On the acceleration of Ultra-High-Energy Cosmic Rays

TL;DR

This paper reviews the current understanding of how ultra-high-energy cosmic rays are accelerated and propagated, highlighting recent experimental findings, theoretical models, and the potential need for new physics to explain observations.

Contribution

It provides a comprehensive review of the theoretical and observational challenges in understanding UHECR acceleration and propagation, including recent experimental results and potential new physics implications.

Findings

Discovery of a high-energy cut-off in the UHECR spectrum

Clustering of highest energy events towards nearby active galactic nuclei

Constraints on acceleration models from recent observations

Abstract

Ultra High Energy Cosmic Rays (UHECRs) hit the Earth's atmosphere with energies exceeding $10^{18}$ eV. This is the same energy as carried by a tennis ball moving at 100 km/h, but concentrated on a sub-atomic particle. UHECRs are so rare (the flux of particles with $E > 10^{20}$ eV is 0.5/km$^2$/century) that only a few such particles have been detected over the past 50 years. Recently, the HiRes and Auger experiments have reported the discovery of a high-energy cut-off in the UHECR spectrum, and Auger has found an apparent clustering of the highest energy events towards nearby active galactic nuclei. Consensus is building that the highest energy particles are accelerated within the radio-bright lobes of these objects, but it remains unclear how this actually happens, and whether the cut-off is due to propagation effects or reflects an intrinsically physical limitation of the acceleration process.

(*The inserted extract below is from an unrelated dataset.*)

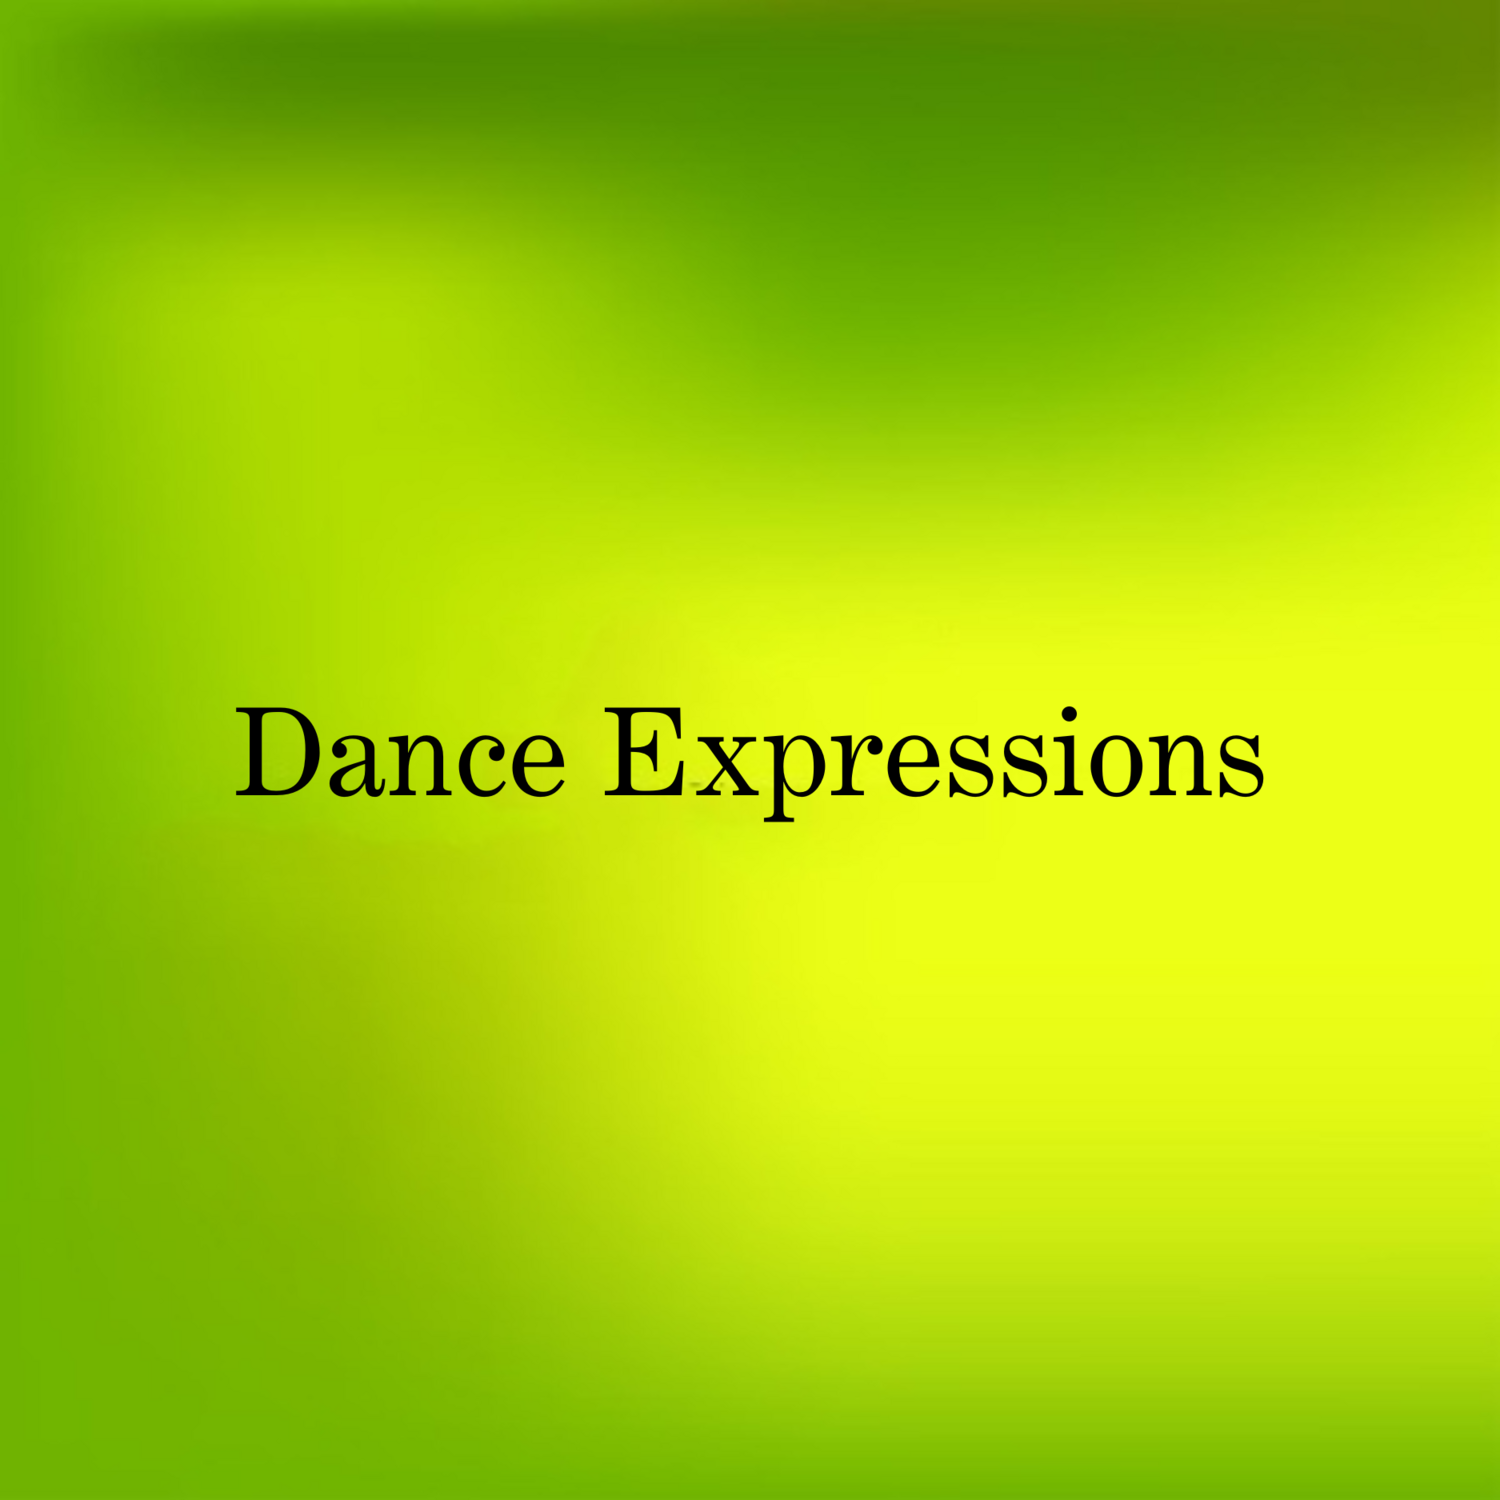 Dance Expressions

The low event statistics presently allows for many different plausible models; nevertheless observations are beginning to impose strong constraints on them. These observations have also motivated suggestions that new physics may be implicated. We present a review of the key theoretical and observational issues related to the processes of propagation and acceleration of UHECRs and proposed solutions.